I use TMT also, but only for blu-ray playback. Everything else is played through MPC-HC and ffdshow. I have never had any issues with .mt2s files with either program. I would stay away from PDVD if at all possible.


----------



## Zeitgeist (Apr 4, 2009)

rmalak said:


> I use TMT also, but only for blu-ray playback. Everything else is played through MPC-HC and ffdshow. I have never had any issues with .mt2s files with either program. I would stay away from PDVD if at all possible.


Thanks to both of you for recommendations of alternatives.

PDVD was not my first choice - as I think it's junk.... I just didn't see many programs out there that passed the HDMI through as multichannel.

VLC Player and WMP play mt2s perfectly fine - but it just downmixes the audio to stereo. I guess I would have thought that Windows Media Center would have had native support.

I'll have to check those apps out. Thanks!
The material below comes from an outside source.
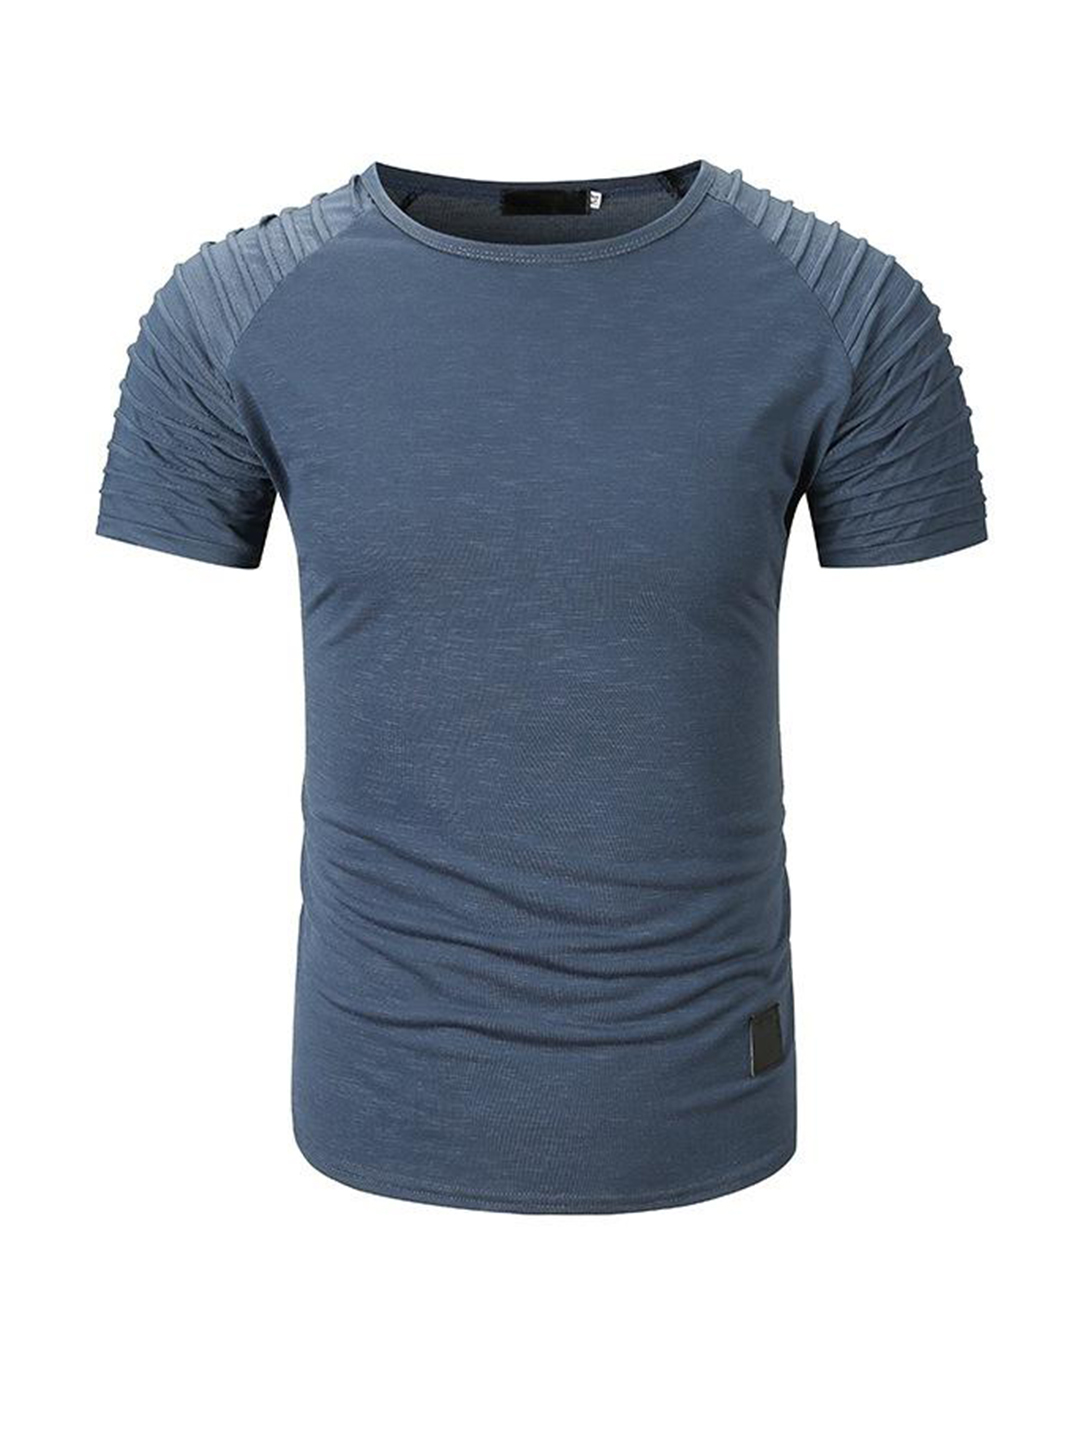 Men's Halter Raglan Sleeves Short Sleeve T-shirt-poisonstreetwear.com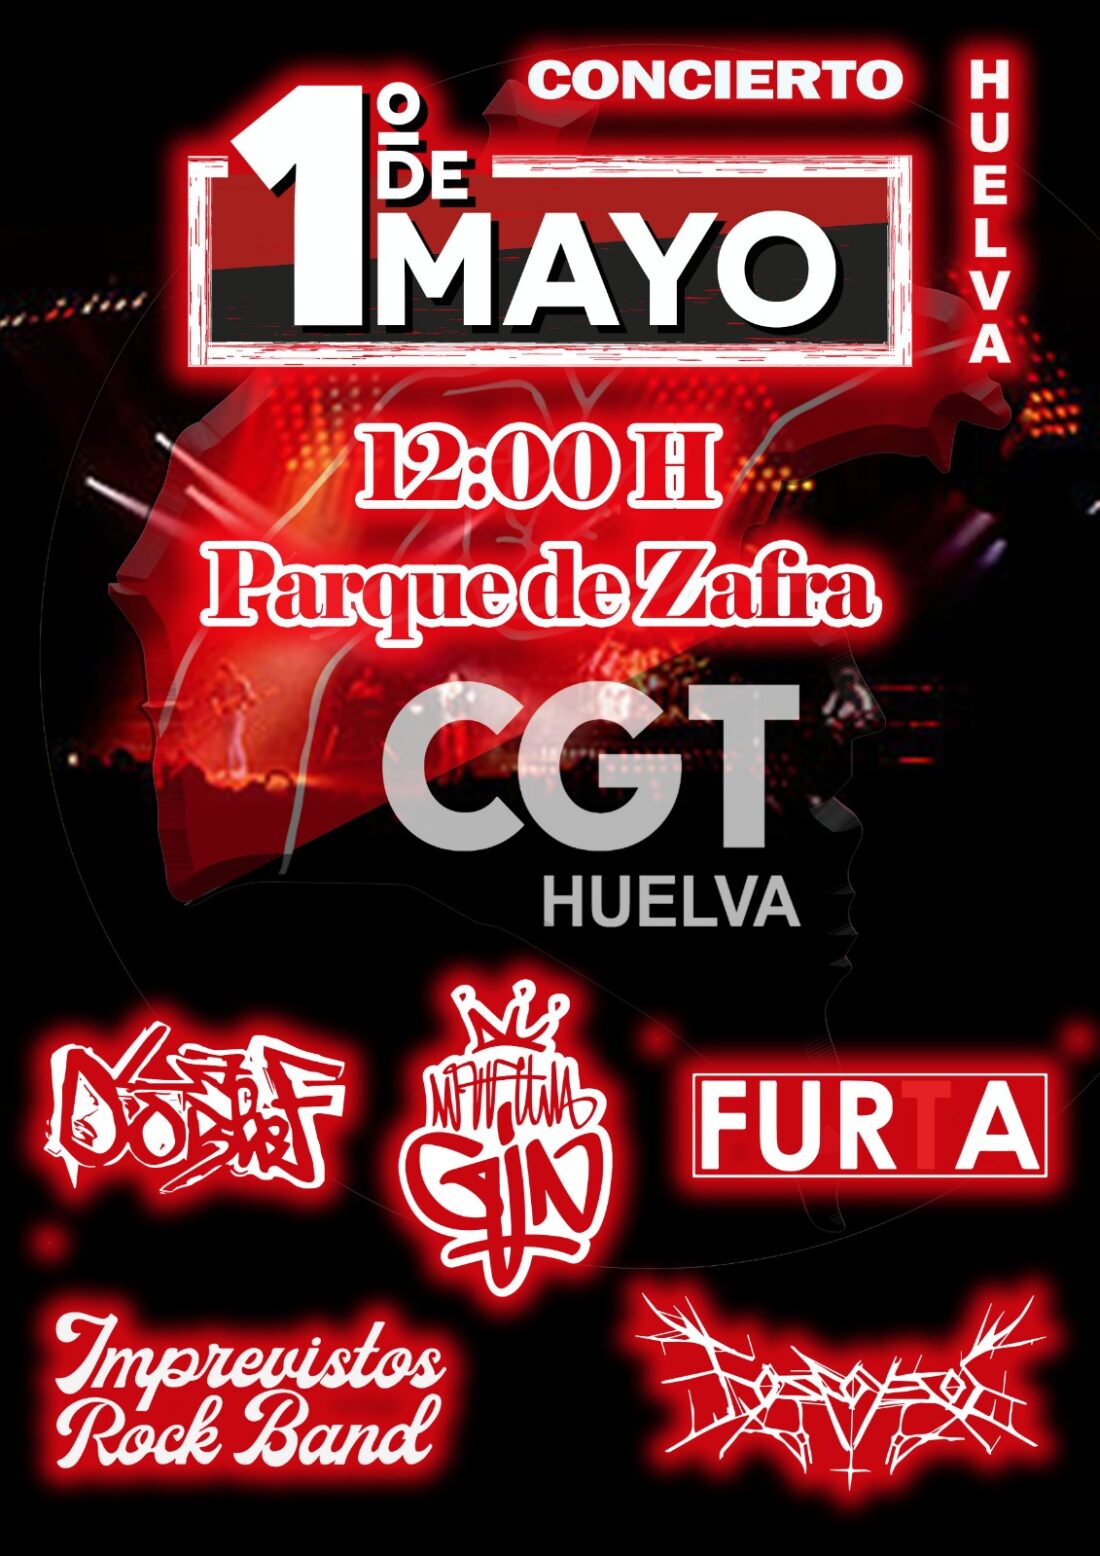 CGT Huelva organizará el 1 de Mayo un concierto para celebrar el Día Internacional de los Trabajadores y Trabajadoras

ffdshow looks pretty promising...


----------



## rmalak (Apr 10, 2010)

Yeah ffdshow is awesome if you get one of the new copies. When paired with MPC-HC and setup it will bitstream all audio from your HTPC up to and including the new lossless formats. It's the fewest programs that I have found that will basically play anything.


----------



## Zeitgeist (Apr 4, 2009)

Cool - Thanks again.

I seriously under utilize my PC/HTPC.

Most of the time I'm using it for REQ or running Spectrum Lab to look at LFE waterfalls.


----------



## wbassett (Feb 8, 2007)

Mark me down as another Total Media Theater convertee!

I used to use PowerDVD but it was having trouble playing my HD DVDs and Blurays. When I bought my Hauppauge PVR 1212 it came with Total Media Extreme (which includes Total Media Theater) and TMT plays everything! It doesn't choke on HD DVDs or even the newest Blurays and it passes audio over HDMI just fine for me.


----------